The government is due to sell-off the last of its stake in Lloyds Banking Group this week, nine years after its bail-out.
Chief executive Antonio Horta-Osorio revealed at the bank’s AGM last week that he expects the UK taxpayer to make a profit of at least £500m on the bail-out.
The government spent an estimated £20.3bn rescuing the group, to take a 43 per cent shareholding.
The stake has been chipped away at in recent months and stood at 0.25 per cent last week.
Meanwhile, Lloyds won some high-profile backing at the end of last week when it emerged that star fund manager Neil Woodford had bought £200m in shares of the bank.
“The investment in Lloyds bank is a bit of a milestone seeing as Neil Woodford hasn’t held banks in his portfolio since 2003, aside from a very brief flirtation with HSBC in 2014,” said Hargreaves Lansdown senior analyst Laith Khalaf.

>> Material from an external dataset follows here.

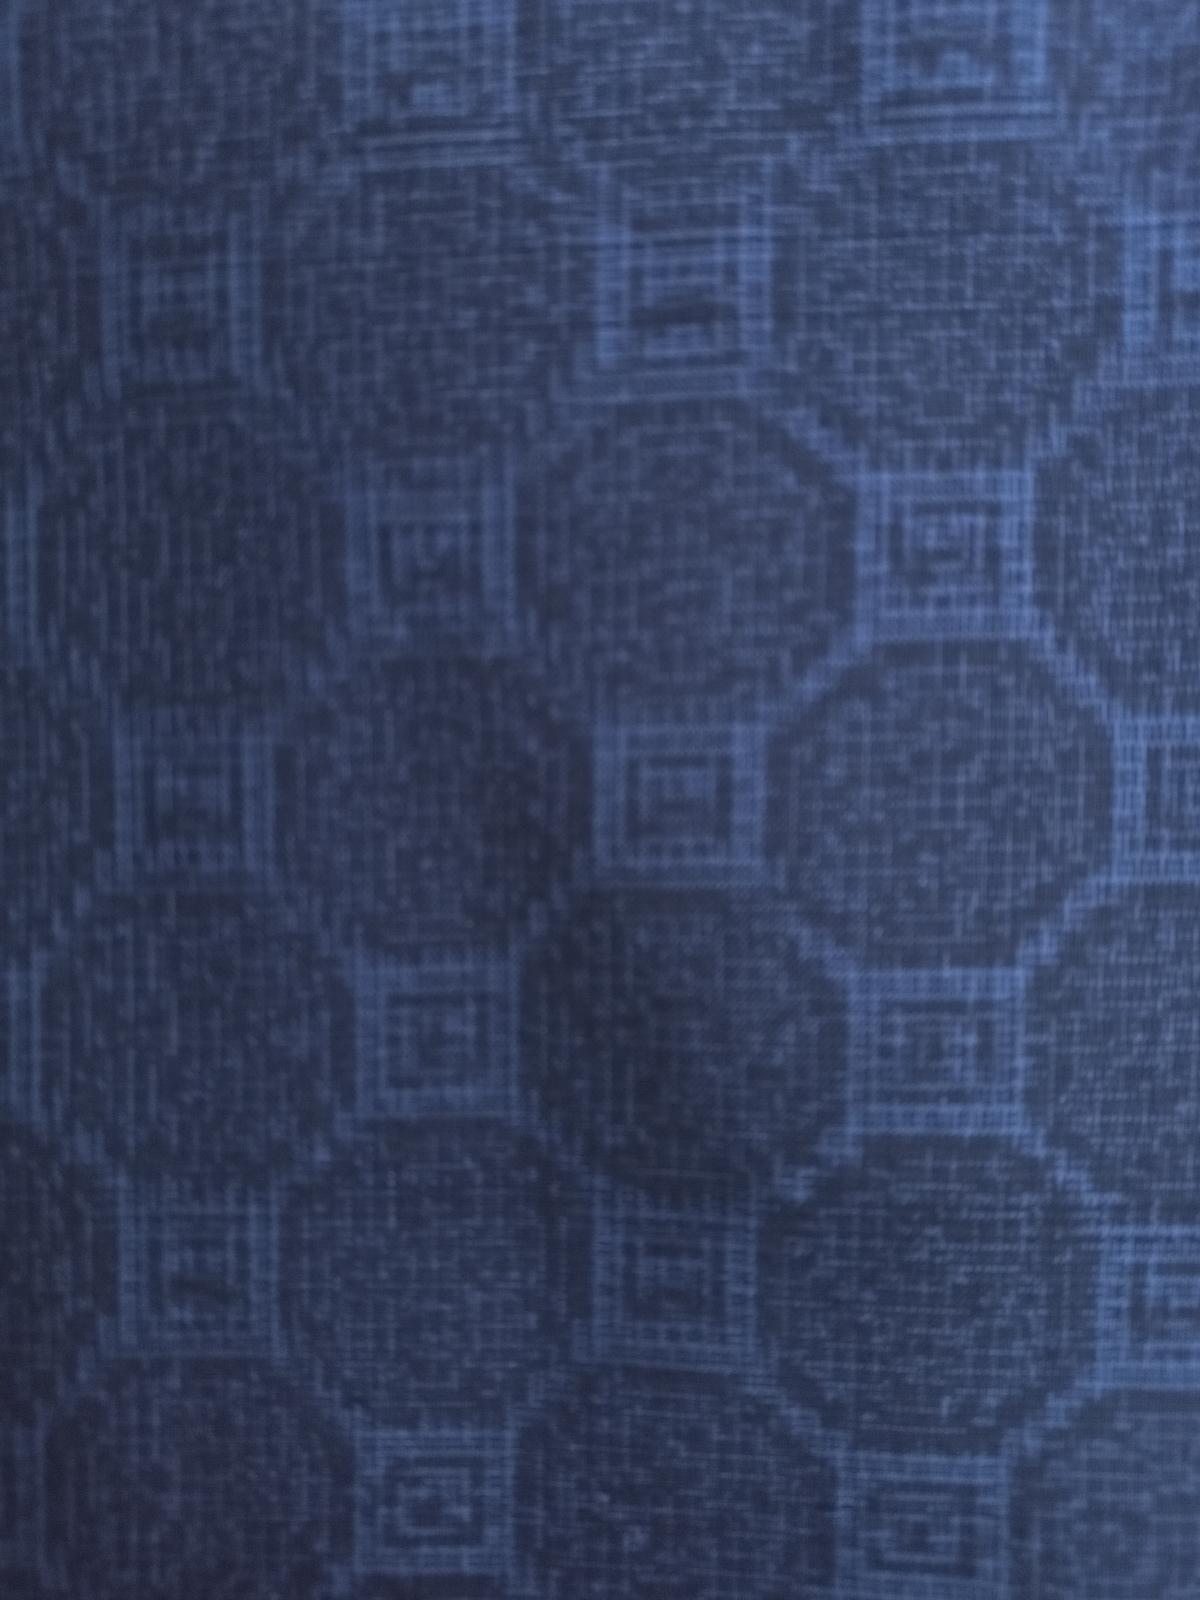 f:id:uribouwataru:20210627084925j:plain

“Selling out of banks was one of the big calls Neil Woodford made which protected investors from the worst ravages of the financial crisis, and reaffirmed his reputation as an outstanding fund manager.”
He added: “Of the UK listed big banks, Lloyds has made the most progress, and now looks like a safe stable bank with the potential to pay investors a handsome level of dividends. The bank is heavily plugged into the UK economy though, so any domestic shocks will take their toll.”